Canadian National Railway (CNR.TO) Stock 2026 Review

Canadian National Railway3.5/5

CNR.TO (TSX)

Dividend yield
2.62%
Distribution
Quarterly
1-Year Return
-4.82%
5-Year Return
-5.28%

Canadian National Railway (CNR) stands out as an attractive option for value investors, offering a dividend yield of 2.62% alongside a history of consistent growth metrics. Despite recent one and five-year returns of -4.82% and -5.28%, respectively, analysts maintain a favorable outlook, with Citigroup and CIBC rating it as a "Buy" and "Outperform," respectively.
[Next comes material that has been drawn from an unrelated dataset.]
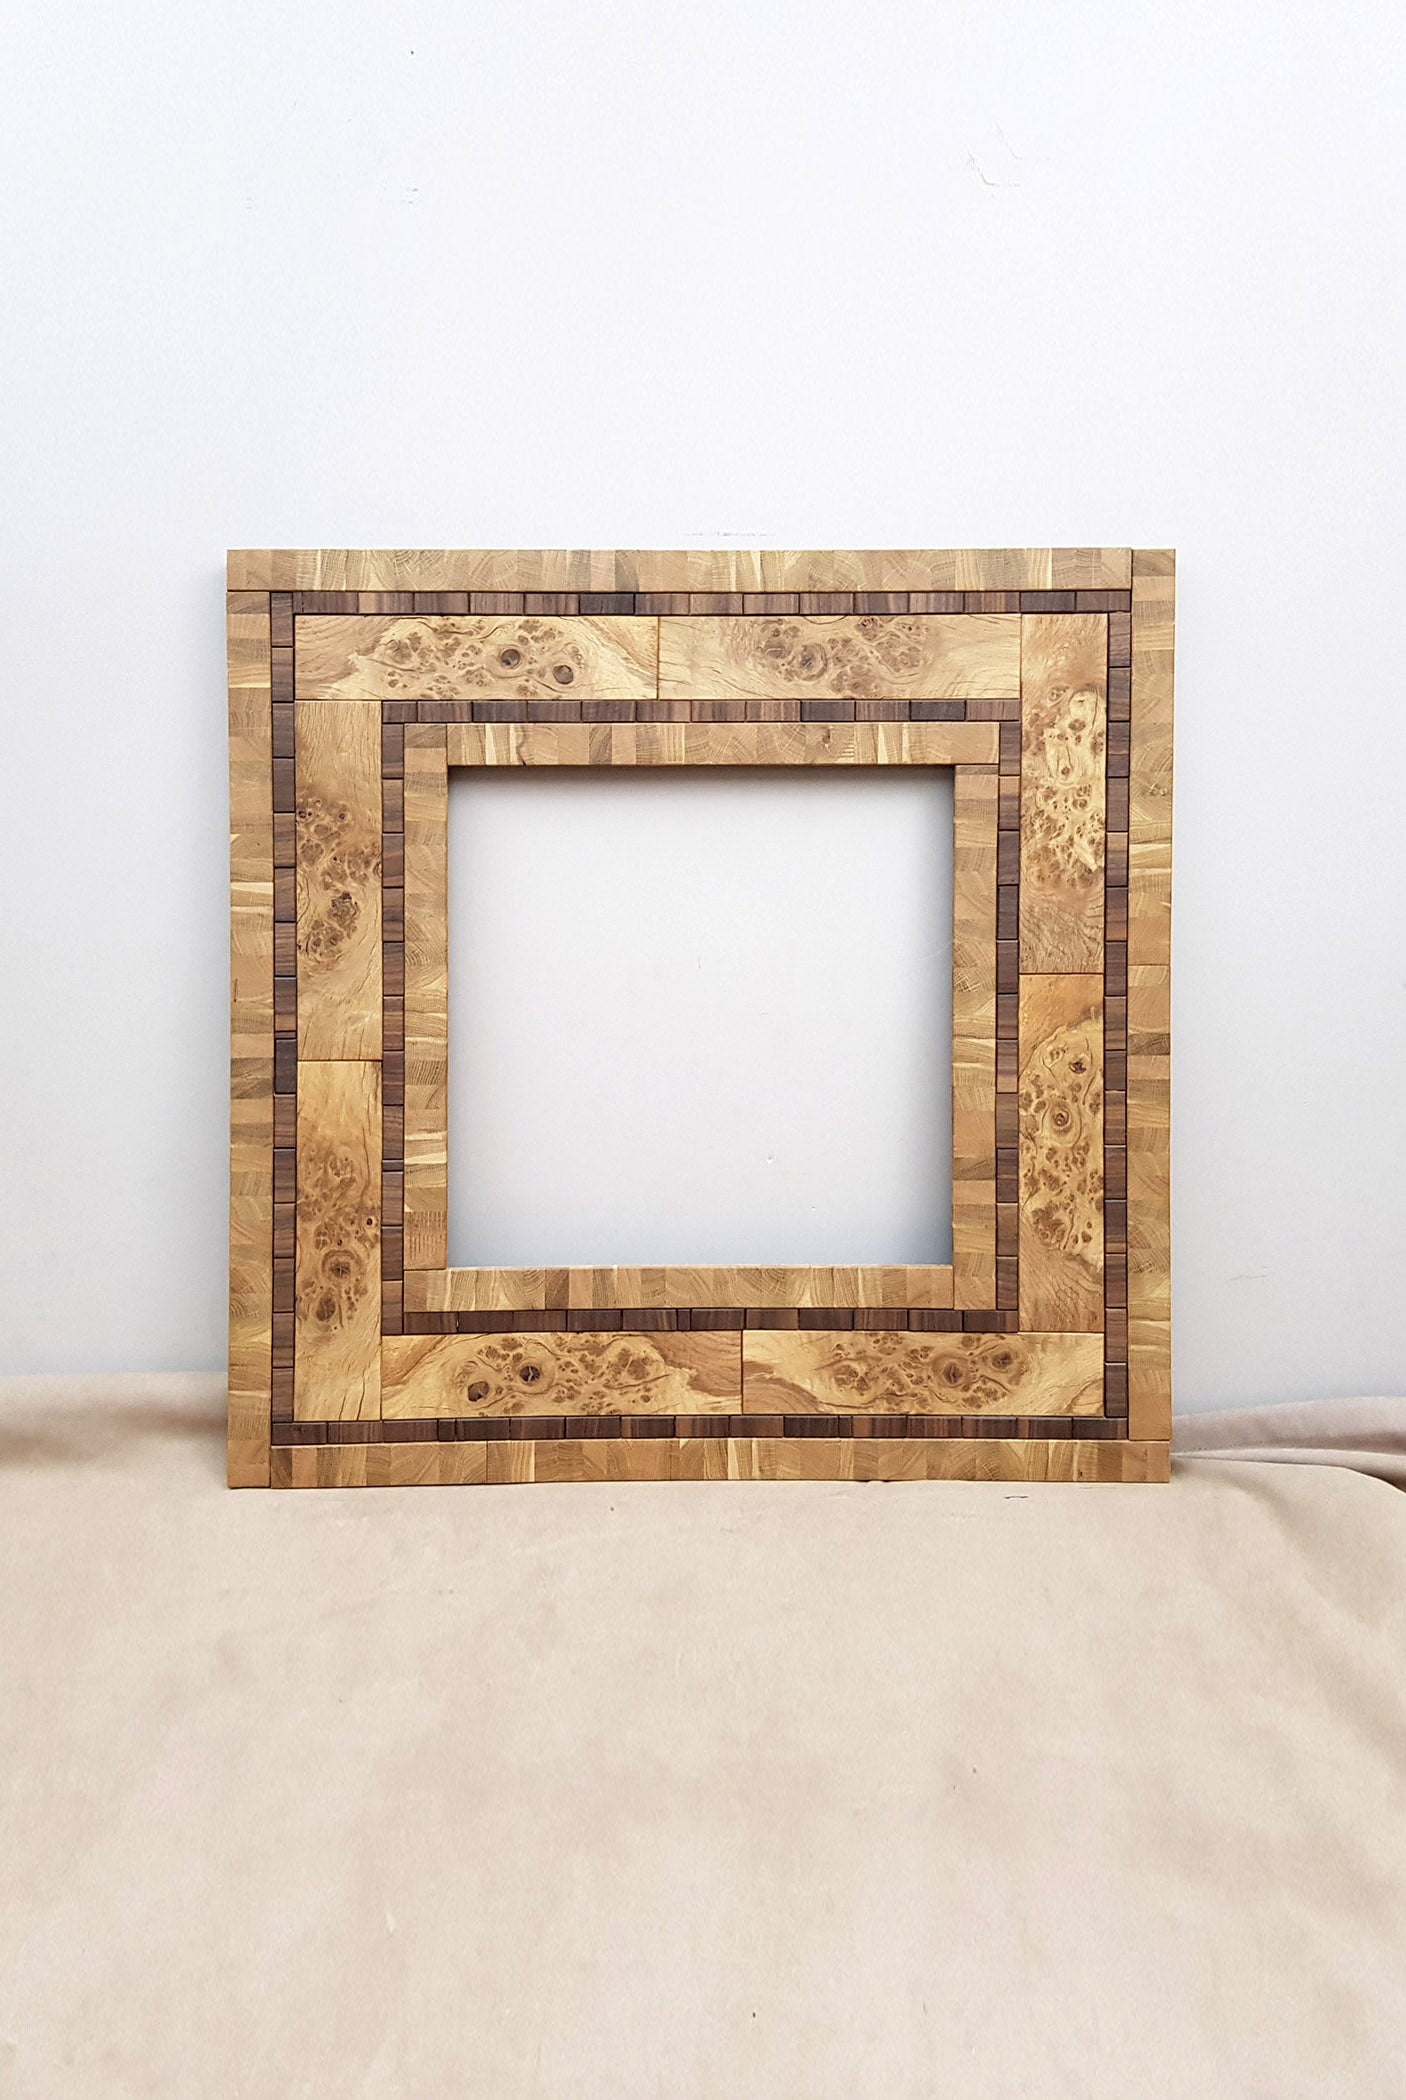 Centrepiece statement mirror frame in figured oak and walnut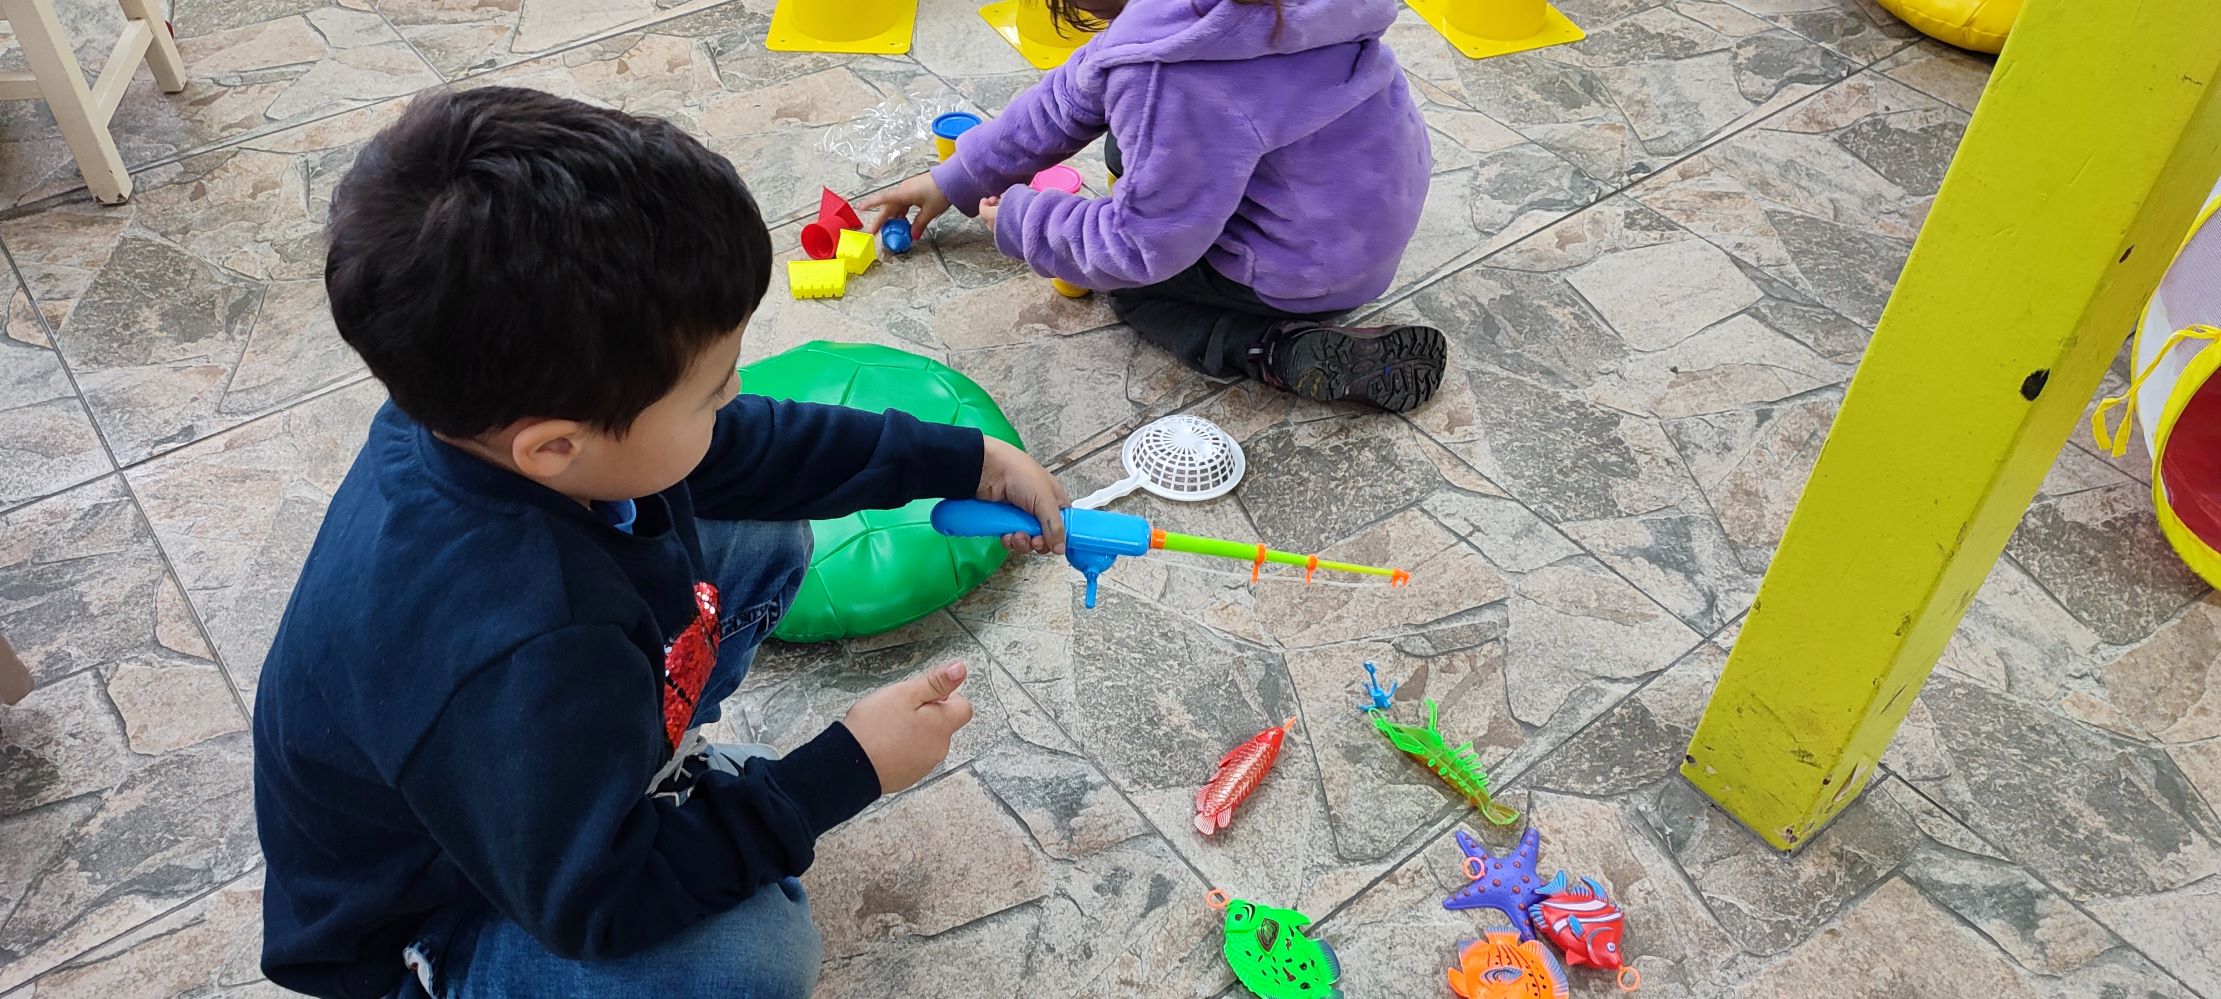 Niños y adolescentes se unieron en divertidas actividades organizadas por la Municipalidad de Punta Arenas | Sector Cardenal Silva Henríquez y alrededores

This positions CNR as a solid long-term hold, particularly for those who acquired shares at or below the $130 mark, reinforcing its reputation as a financially healthy company.

Pros:

  • Consistent growth metrics
  • Reliable dividend growth record

Cons:

  • Underperformance compared to market
  • Recent negative returns

Canadian National Railway (CNR.TO) may be suitable for long-term investors seeking stable dividend income and value opportunities, particularly those willing to navigate short-term volatility in pursuit of growth. With a solid financial foundation and analyst support, it could serve as a reliable addition to a diversified investment portfolio, especially for those who have entered at or below the $130 price point.